What you will do: Every line of the listing below from the one with "CONTINENTAL SPORTCONTACT 6" up to and including the one with "With no reason" should be retyped exactly, and nothing else; pictures are not part of the copy.

The data:

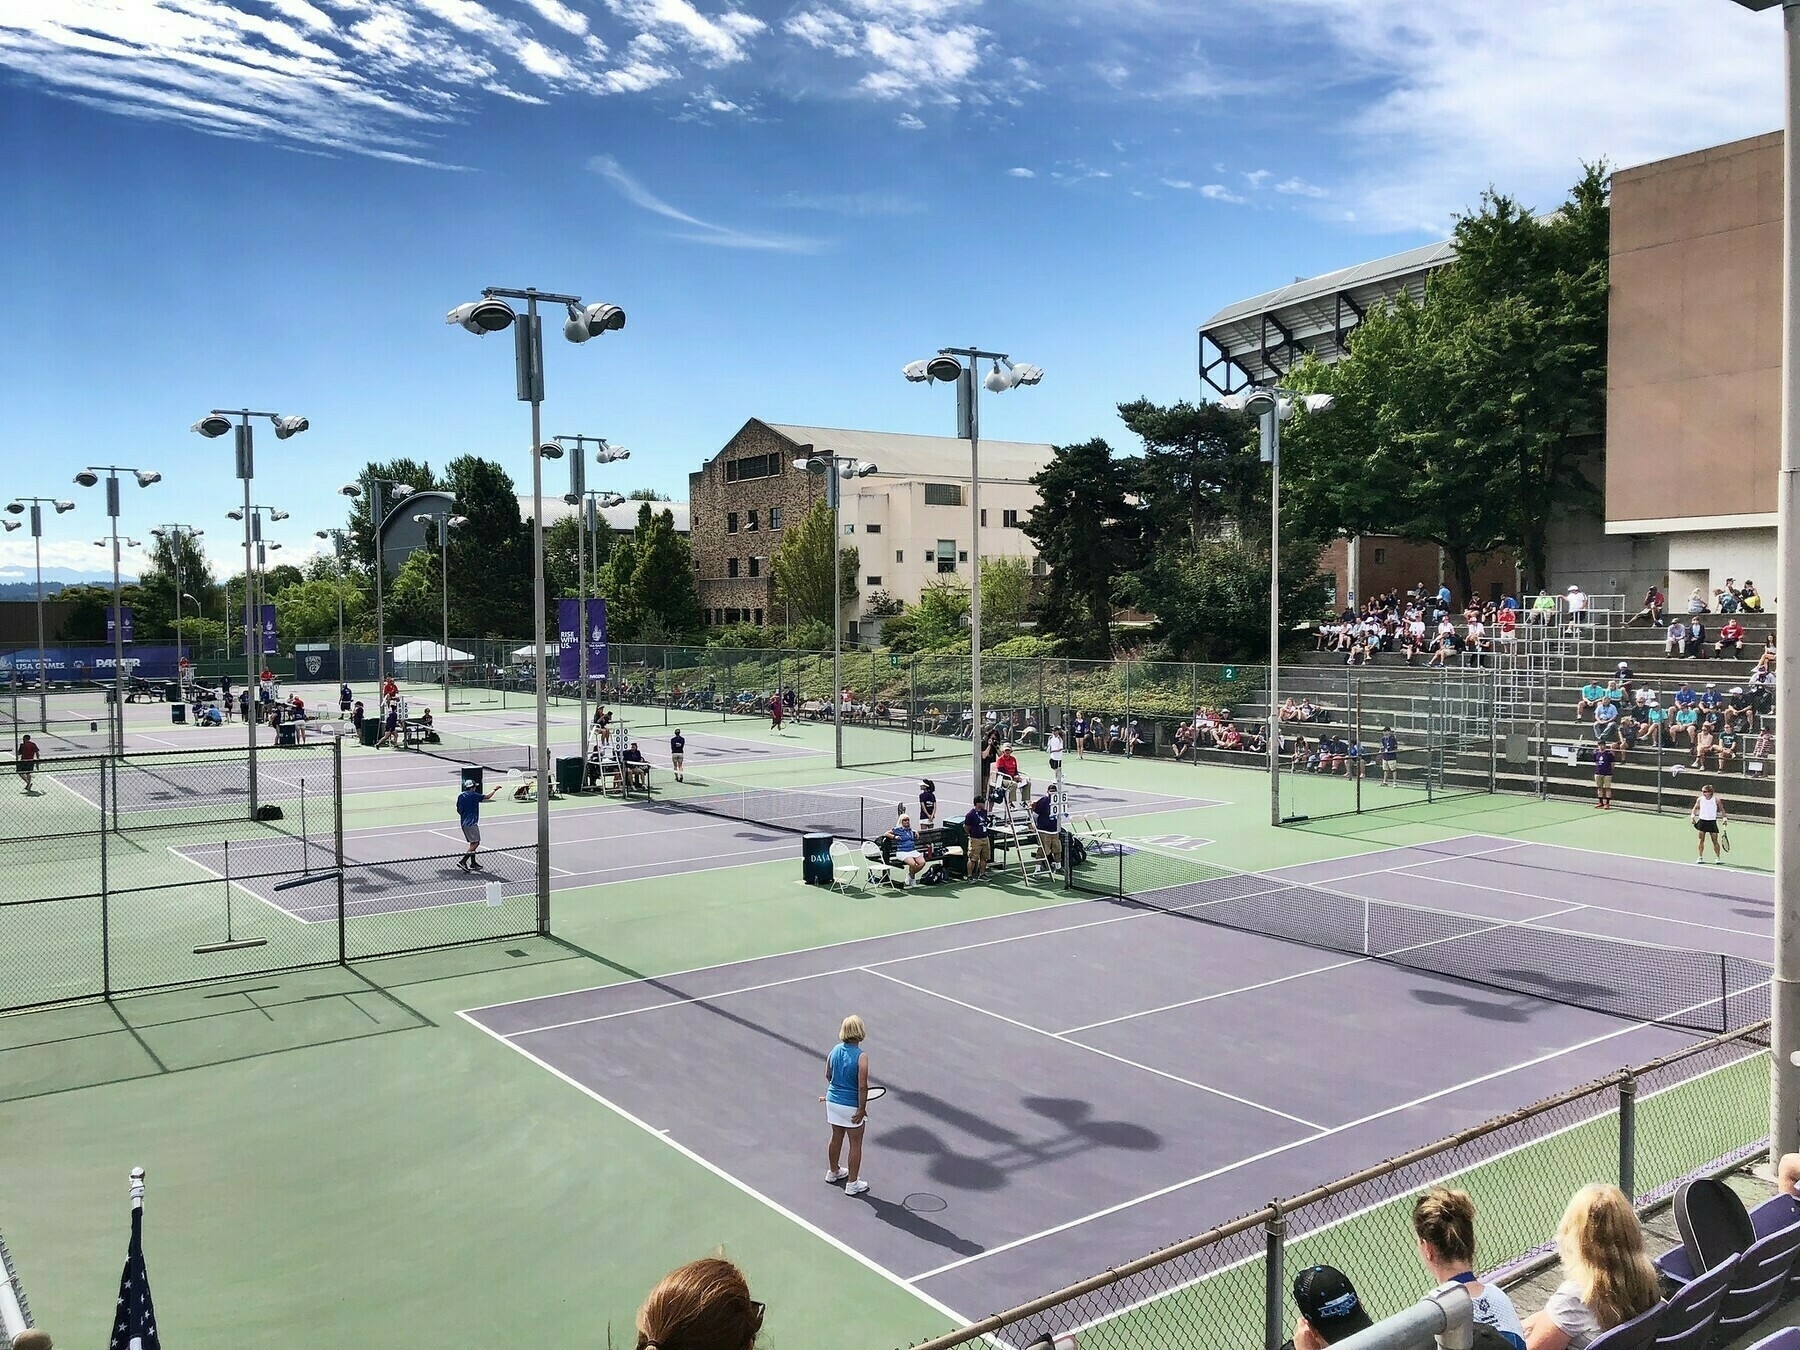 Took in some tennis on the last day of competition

==

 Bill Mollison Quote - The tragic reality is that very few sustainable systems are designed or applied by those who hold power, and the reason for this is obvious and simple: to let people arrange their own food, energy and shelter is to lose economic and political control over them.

==

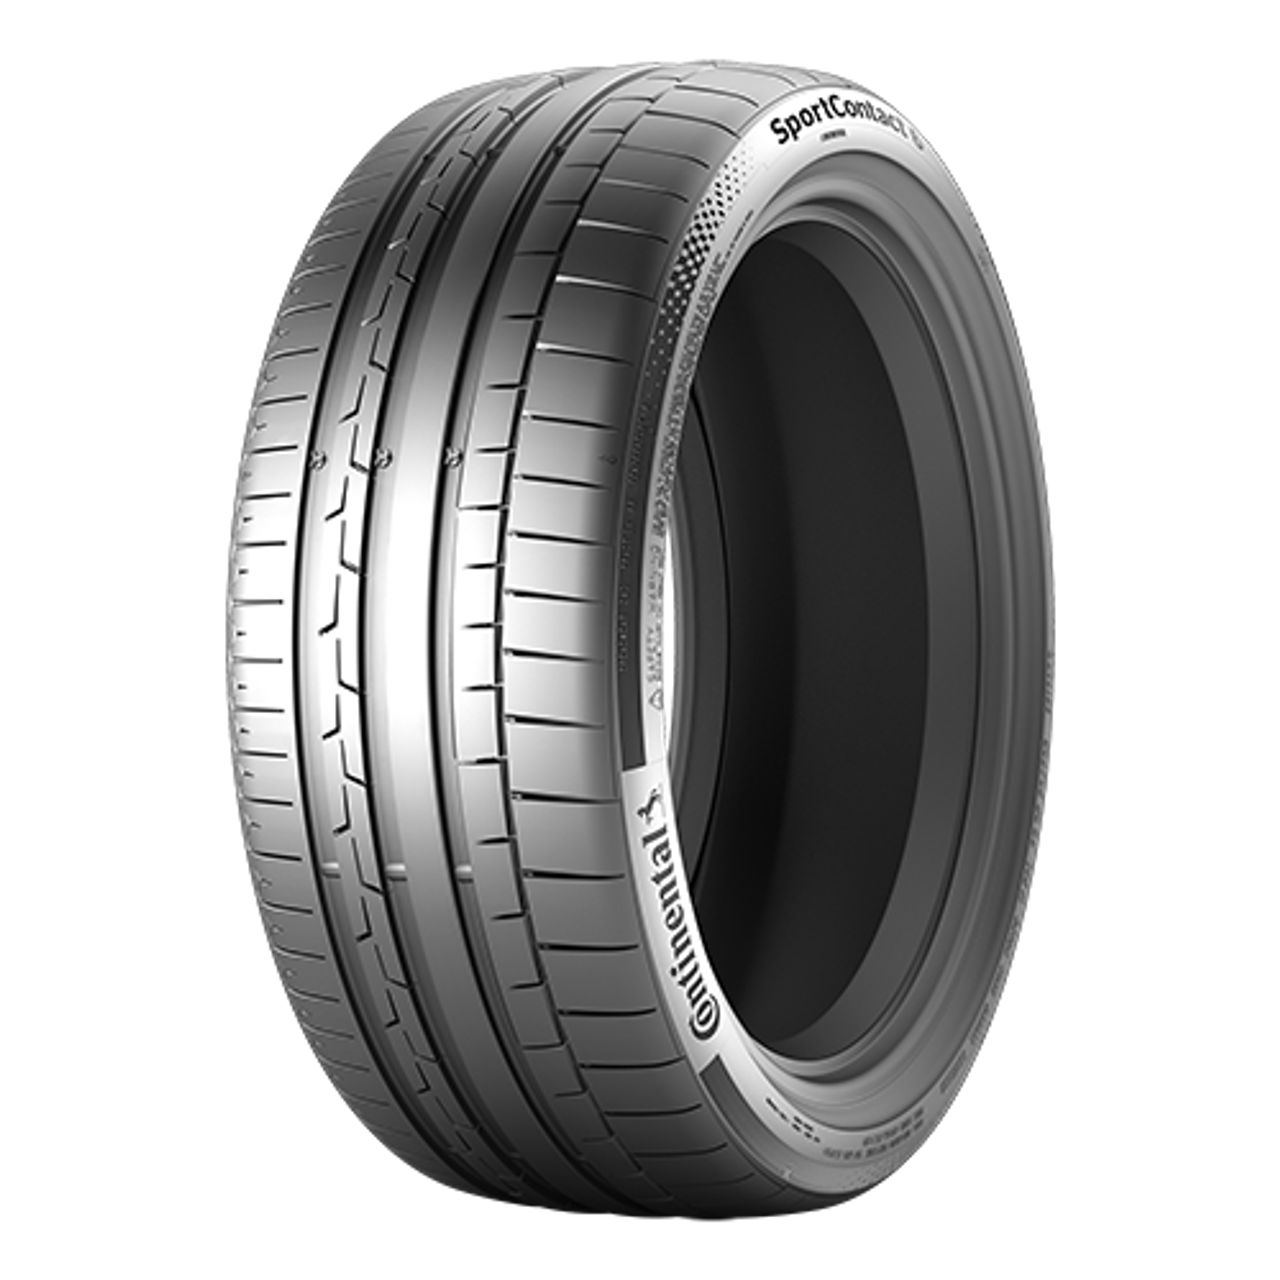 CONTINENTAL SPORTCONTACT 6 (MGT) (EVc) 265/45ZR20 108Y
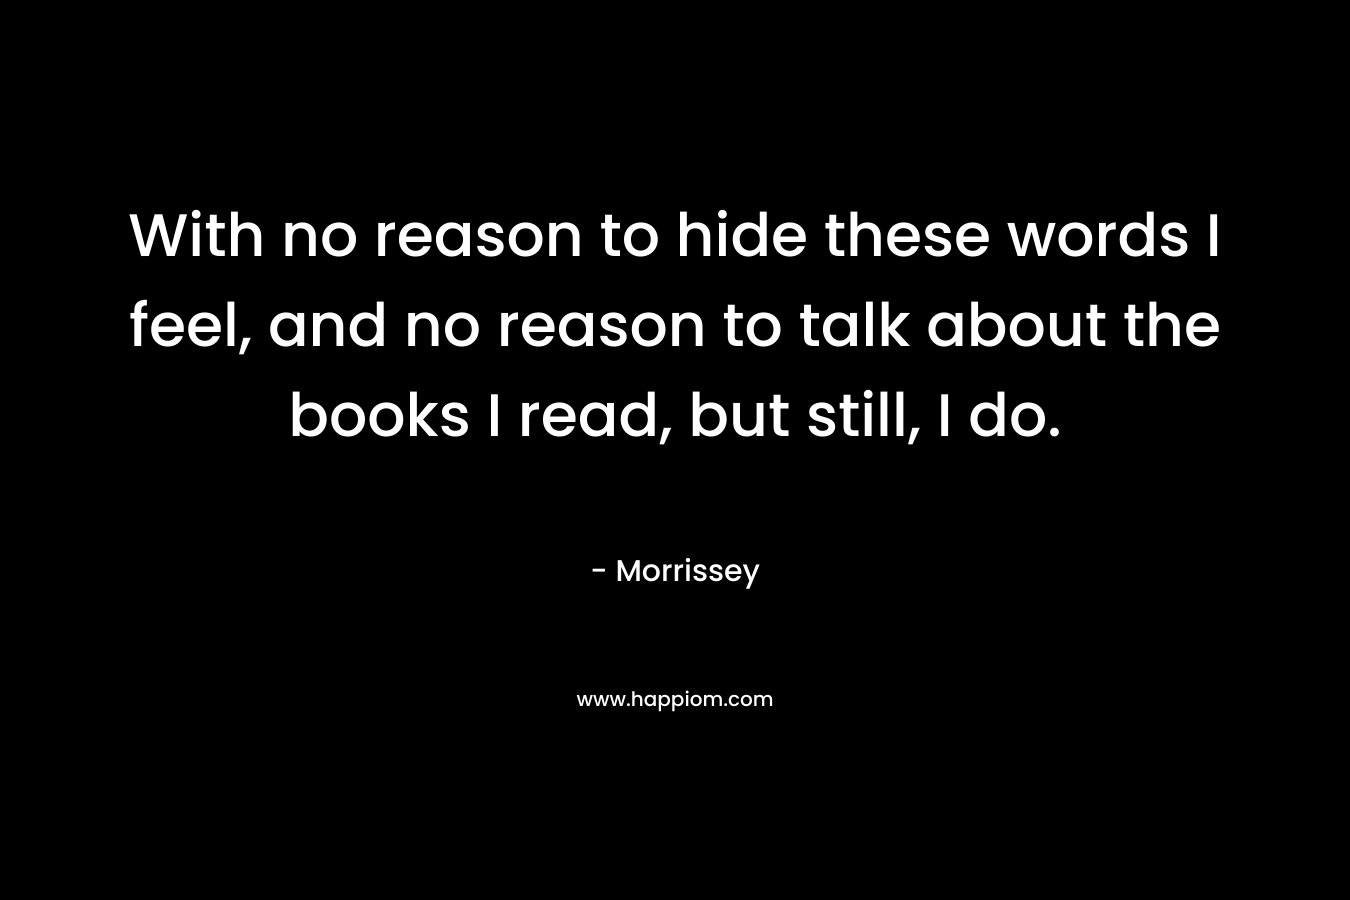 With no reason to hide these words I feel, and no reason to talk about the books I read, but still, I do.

Problem solution:
 CONTINENTAL SPORTCONTACT 6 (MGT) (EVc) 265/45ZR20 108Y
 With no reason to hide these words I feel, and no reason to talk about the books I read, but still, I do.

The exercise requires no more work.